» PROBLEM
Please set down, exactly as written, the line containing "Volkswagen T-Roc Convertible front" and every line after it through the end of the records.

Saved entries
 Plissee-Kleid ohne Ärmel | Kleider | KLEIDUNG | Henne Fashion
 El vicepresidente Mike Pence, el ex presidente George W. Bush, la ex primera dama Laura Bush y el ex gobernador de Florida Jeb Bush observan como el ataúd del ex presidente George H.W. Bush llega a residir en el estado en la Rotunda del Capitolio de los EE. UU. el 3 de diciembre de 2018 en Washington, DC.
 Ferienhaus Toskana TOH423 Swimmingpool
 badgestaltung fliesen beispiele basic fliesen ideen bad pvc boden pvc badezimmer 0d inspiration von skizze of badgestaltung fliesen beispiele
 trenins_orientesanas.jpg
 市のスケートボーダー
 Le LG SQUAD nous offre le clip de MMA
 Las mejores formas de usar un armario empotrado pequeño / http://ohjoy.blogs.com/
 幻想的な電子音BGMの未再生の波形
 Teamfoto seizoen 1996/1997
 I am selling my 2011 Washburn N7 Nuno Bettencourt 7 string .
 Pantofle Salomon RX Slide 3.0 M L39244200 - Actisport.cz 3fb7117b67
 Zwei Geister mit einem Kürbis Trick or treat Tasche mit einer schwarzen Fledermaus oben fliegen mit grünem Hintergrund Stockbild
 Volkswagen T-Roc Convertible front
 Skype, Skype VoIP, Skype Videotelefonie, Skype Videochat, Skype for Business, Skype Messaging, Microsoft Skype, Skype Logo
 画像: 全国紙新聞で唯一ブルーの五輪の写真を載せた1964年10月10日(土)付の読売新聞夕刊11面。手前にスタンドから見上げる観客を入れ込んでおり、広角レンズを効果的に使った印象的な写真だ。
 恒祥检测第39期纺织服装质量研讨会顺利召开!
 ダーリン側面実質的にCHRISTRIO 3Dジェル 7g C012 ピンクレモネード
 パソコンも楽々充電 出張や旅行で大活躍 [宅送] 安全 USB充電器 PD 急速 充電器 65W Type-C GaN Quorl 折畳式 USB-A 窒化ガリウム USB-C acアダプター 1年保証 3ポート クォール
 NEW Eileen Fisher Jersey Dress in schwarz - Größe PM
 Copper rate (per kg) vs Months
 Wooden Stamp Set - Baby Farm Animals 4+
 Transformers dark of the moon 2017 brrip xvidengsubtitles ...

» RESULT
 Volkswagen T-Roc Convertible front
 Skype, Skype VoIP, Skype Videotelefonie, Skype Videochat, Skype for Business, Skype Messaging, Microsoft Skype, Skype Logo
 画像: 全国紙新聞で唯一ブルーの五輪の写真を載せた1964年10月10日(土)付の読売新聞夕刊11面。手前にスタンドから見上げる観客を入れ込んでおり、広角レンズを効果的に使った印象的な写真だ。
 恒祥检测第39期纺织服装质量研讨会顺利召开!
 ダーリン側面実質的にCHRISTRIO 3Dジェル 7g C012 ピンクレモネード
 パソコンも楽々充電 出張や旅行で大活躍 [宅送] 安全 USB充電器 PD 急速 充電器 65W Type-C GaN Quorl 折畳式 USB-A 窒化ガリウム USB-C acアダプター 1年保証 3ポート クォール
 NEW Eileen Fisher Jersey Dress in schwarz - Größe PM
 Copper rate (per kg) vs Months
 Wooden Stamp Set - Baby Farm Animals 4+
 Transformers dark of the moon 2017 brrip xvidengsubtitles ...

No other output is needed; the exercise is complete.